→ **What is expected**
Repeat the data exactly, please; no pictures belong in the copy.

→ **Dataset section**
---

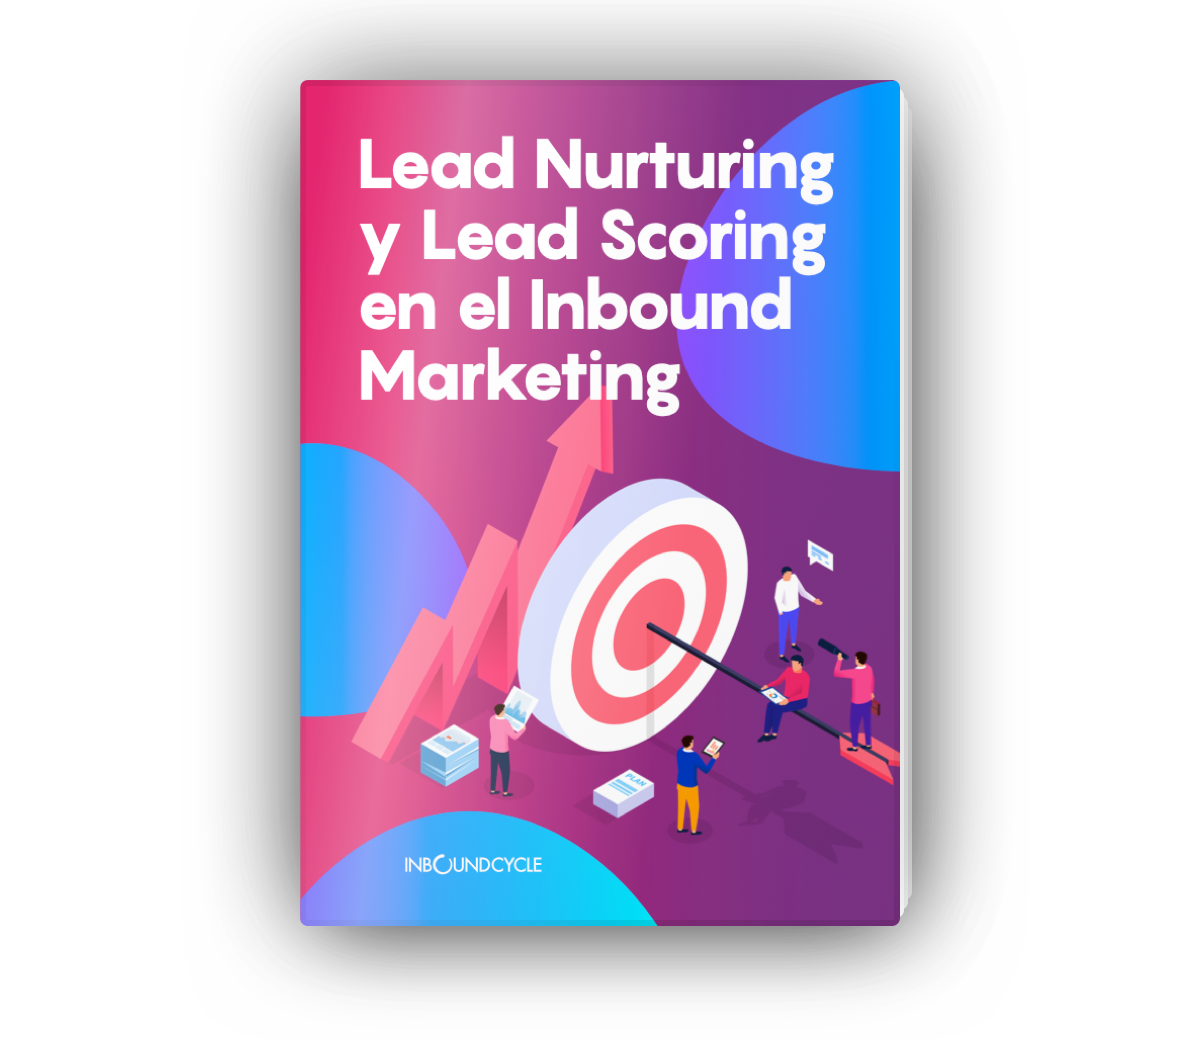 Portada - Email - Lead NUrturing y Lead scoring
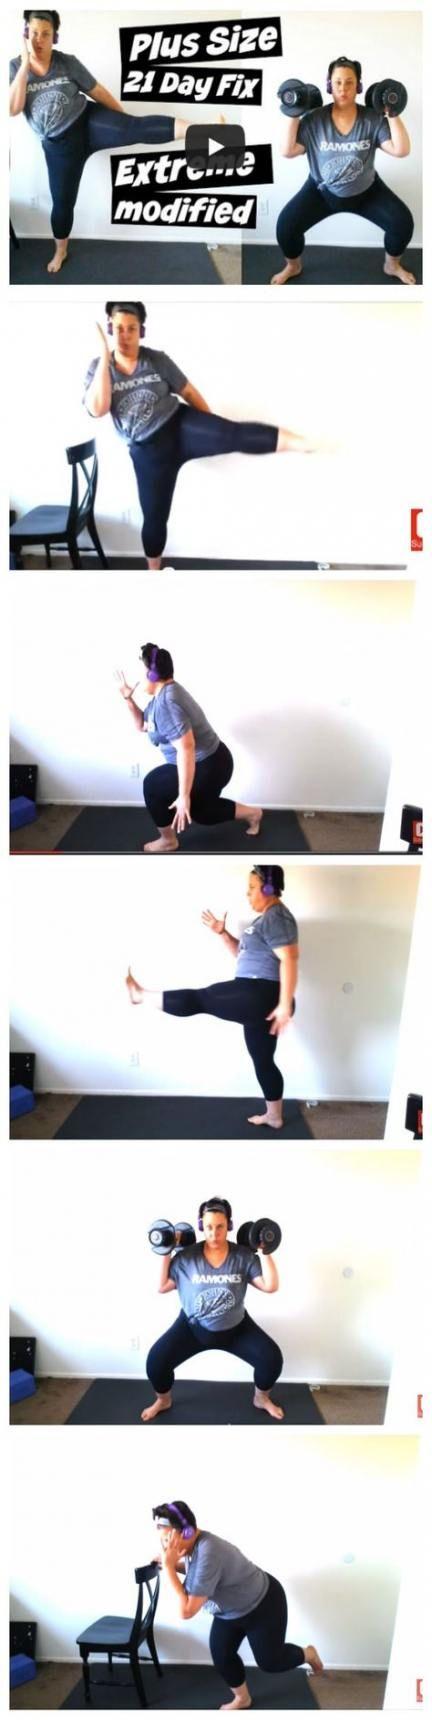 48 Trendy Fitness Motivacin Plus Size Exercise #fitness
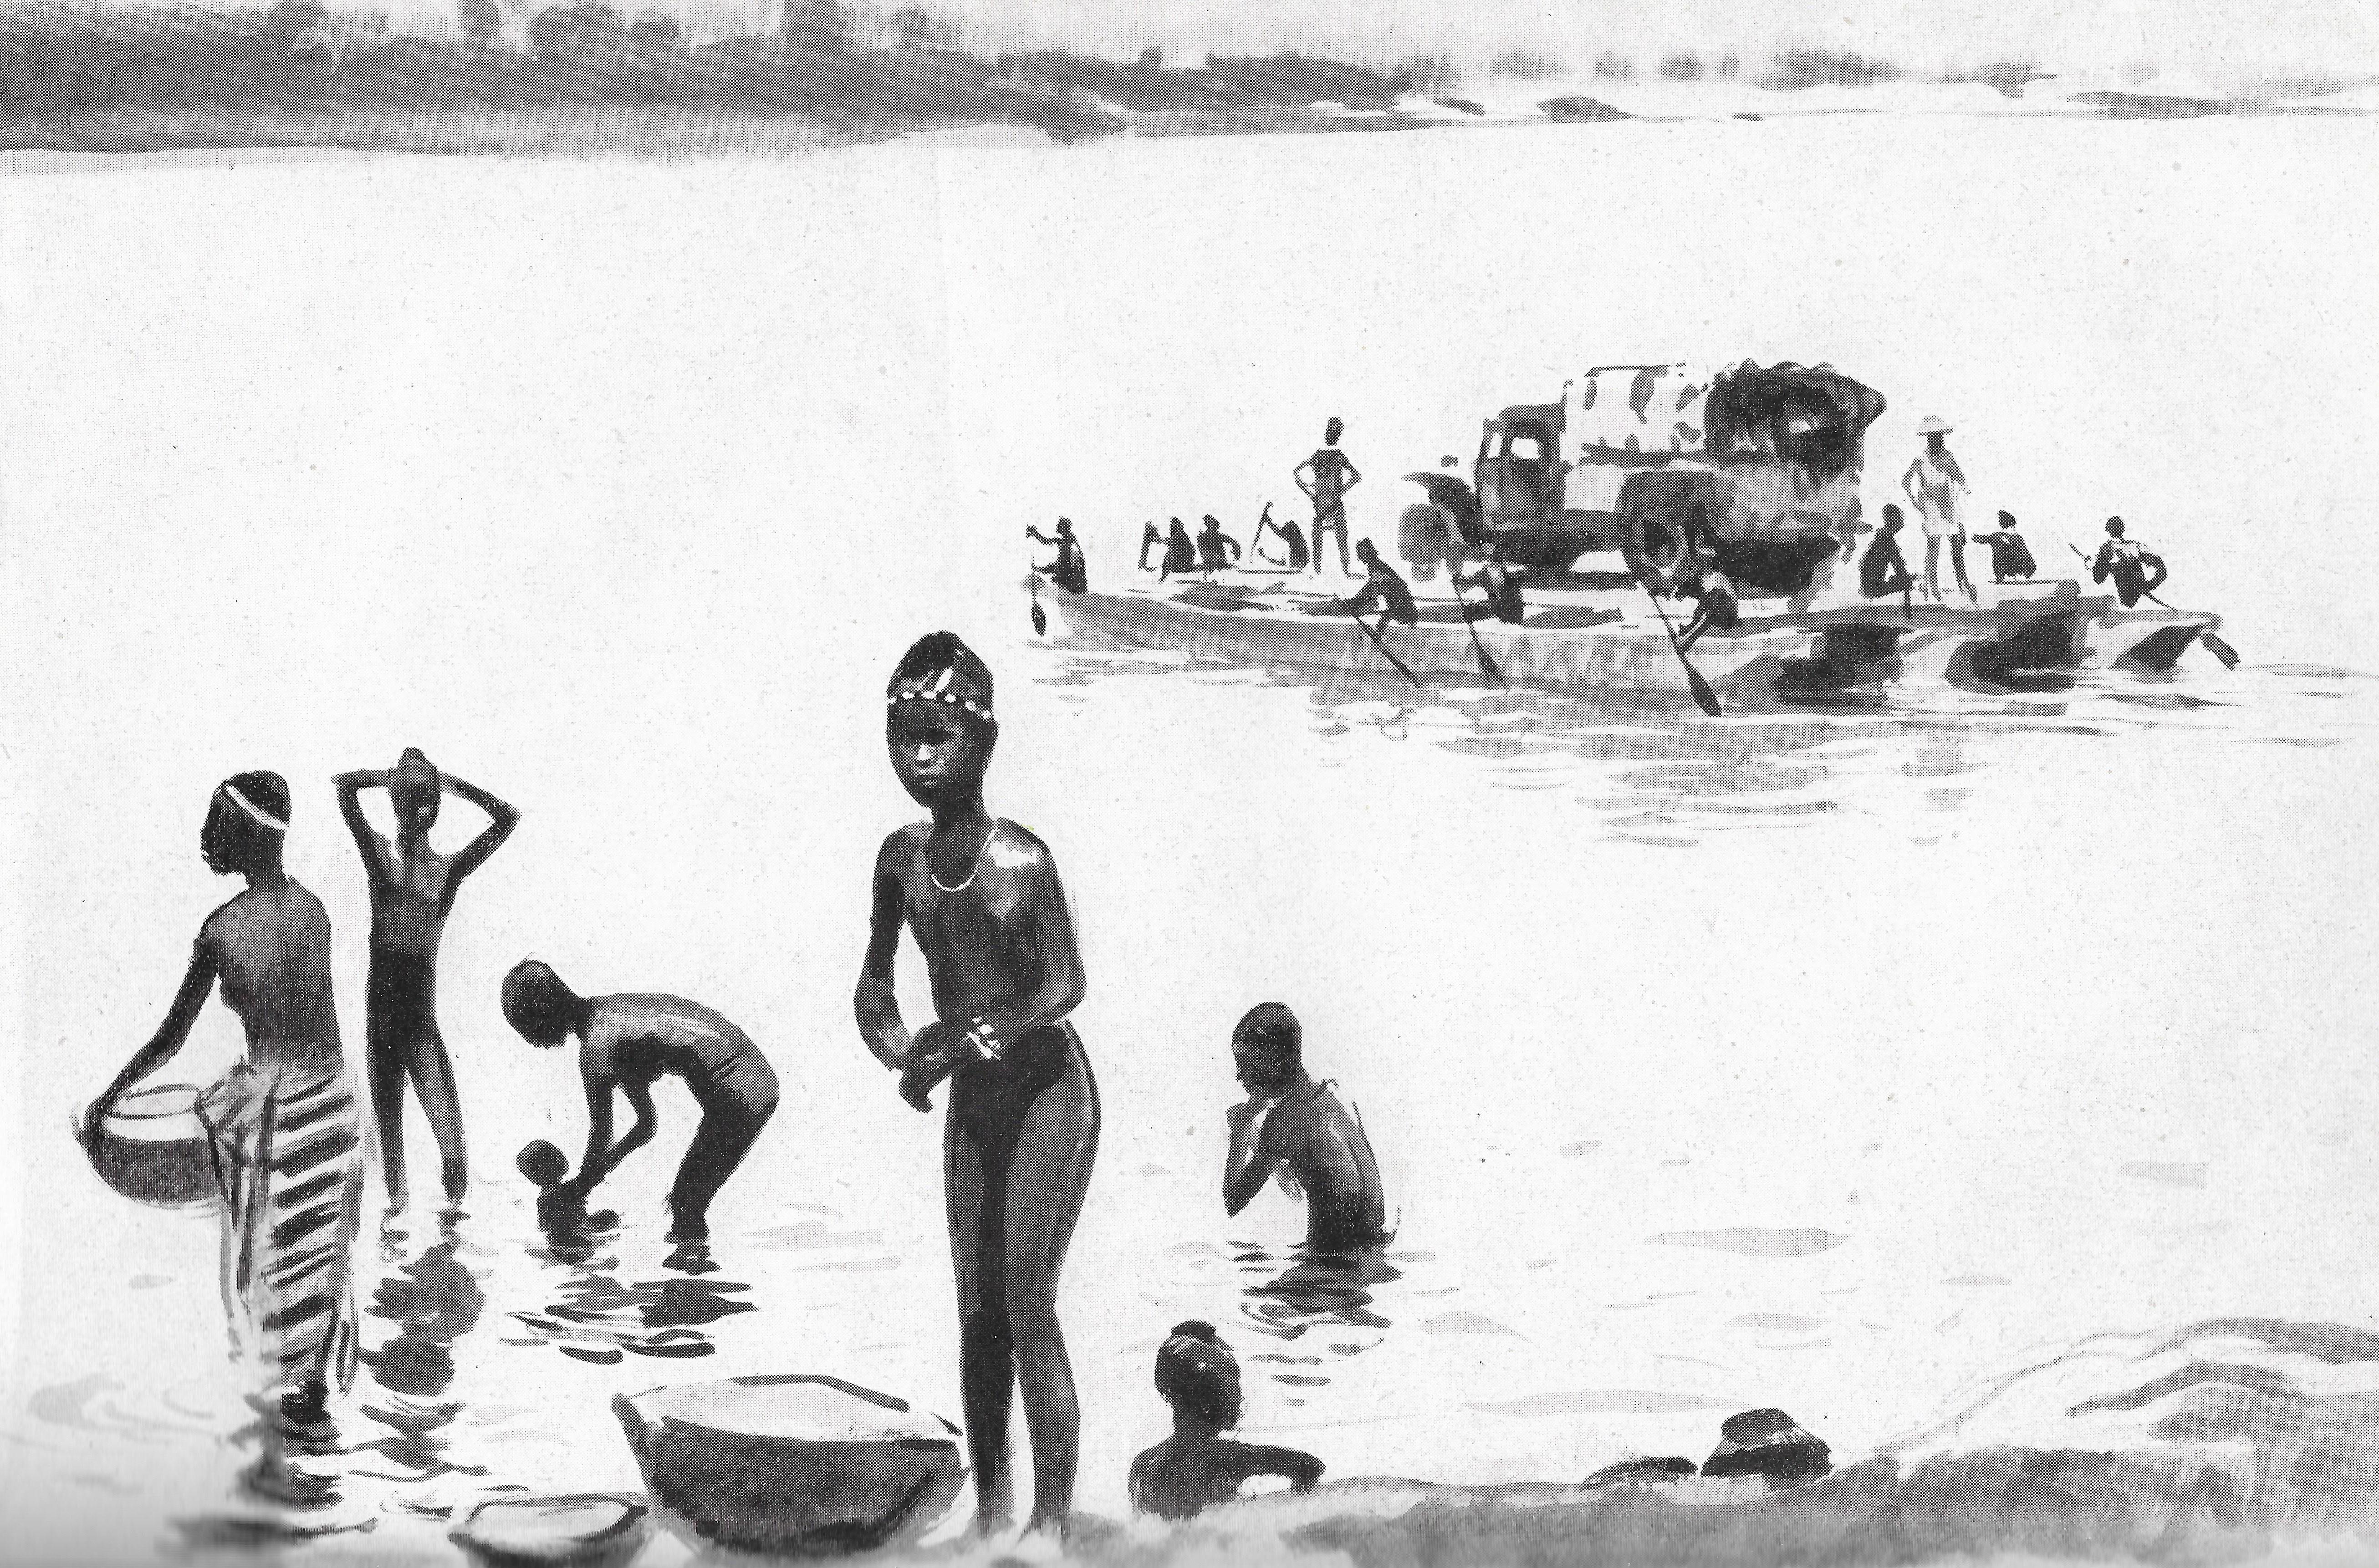 Albert Brenet bac en Afrique Colcombet

---

→ **Exercise answer**
 Portada - Email - Lead NUrturing y Lead scoring
 48 Trendy Fitness Motivacin Plus Size Exercise #fitness
 Albert Brenet bac en Afrique Colcombet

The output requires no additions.